Witam Serdecznie,
Jestem od tego roku studentem i roku studiów dziennych na wydziale prawa i administracji. Od kilkunastu lat mój ojciec (bynajmniej nie biedny...) ma zasądzone alimenty na moją rzecz w wysokości 350 zł. Moja matka nigdy nie podnosiła ich bo całe ich małżeństwo rozpadło się w mało przyjemny sposób i nie chciała go widywać więcej. W pewnym momencie ojciec nie przelewał wcale pieniędzy, więc zasądzono komornika. Ojciec przez lata nie był zainteresowany moim życiem, wizyty u niego wspominam z dreszczem.
Od roku matka pracuje w Holandii a ja uczę się w Poznaniu (teraz będę już studiował).
Potrzeby cały czas rosną, chciałbym rozwijać swoje pasje no i móc nie martwić się o potrzeby związane ze studiami, jednak to trudne przy 350pln...Dodam, że dogadałem się z ojcem, ze zrezygnuję z komornika aby on łaskawie wysyłał mi dodatkowo to co komornik ściągał dla siebie (60zł).

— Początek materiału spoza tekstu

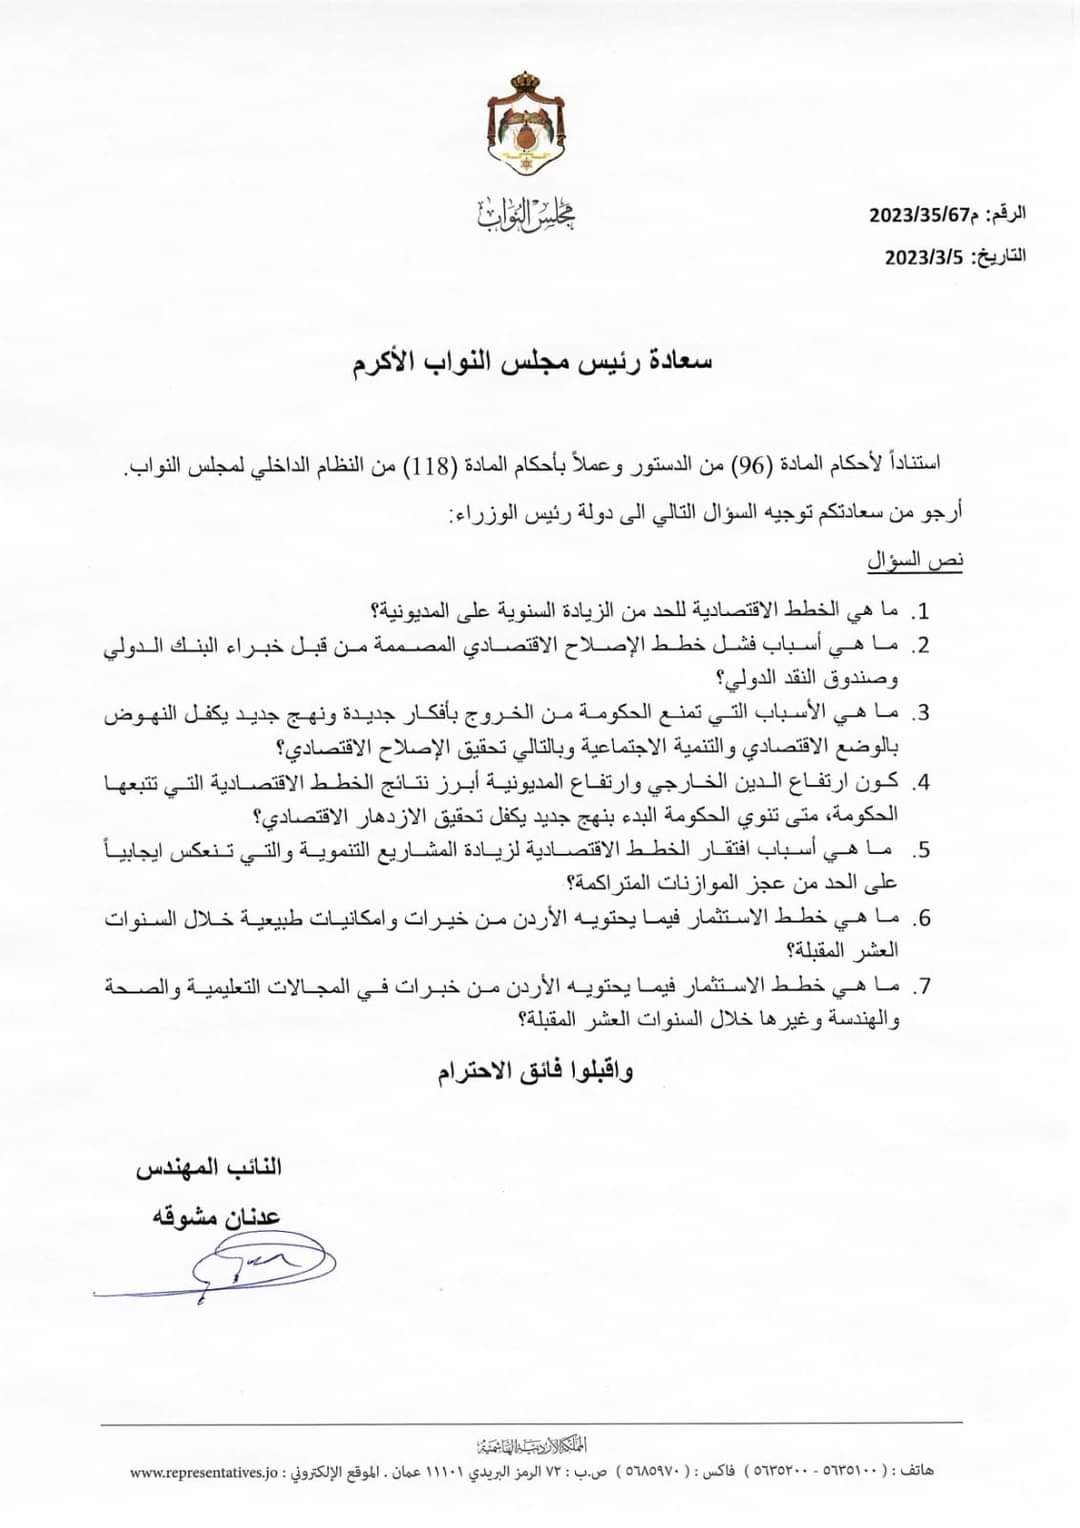 النائب عدنان مشوقة يوجه سؤالًا نيابيًا إلى رئيس الوزراء حول الإصلاح الاقتصادي

Moje pytanie brzmi następująco - czy i na ile plus/minus mógłbym liczyć gdybym chciał wprowadzić sprawę o podwyższenie alimentów? Ojciec zarabia sporo, a mieszka jeszcze ze swoją nową kobietą. Gdzieś obiło mi się o uszy, że dziś alimenty minimalne na dziecko to nawet 500zł a ja przecież mam juz 19 lat, nie 10
Cały ten czas chodzi mi to po głowie, ale trochę boję się ojca i jego wpływów, dodatkowo boję się, że na czas rozprawy ojciec będzie uchylał się od płacenia dotychczasowej kwoty... Ostatnio jak dowiedział się, ze będę studiować to zaczął mi insynuować czy nie mam zamiaru sie rozglądać za pracą na weekendy, dalej że nie wie czy zwróci mi całość za leczenie do którego się zobowiązał a chwilę potem, ze jedzie sobie na wakacje za granicę z partnerką (ja nie byłem nigdzie po maturze).
Proszę o pomoc, na prawdę jestem w kropce,
Daniel P.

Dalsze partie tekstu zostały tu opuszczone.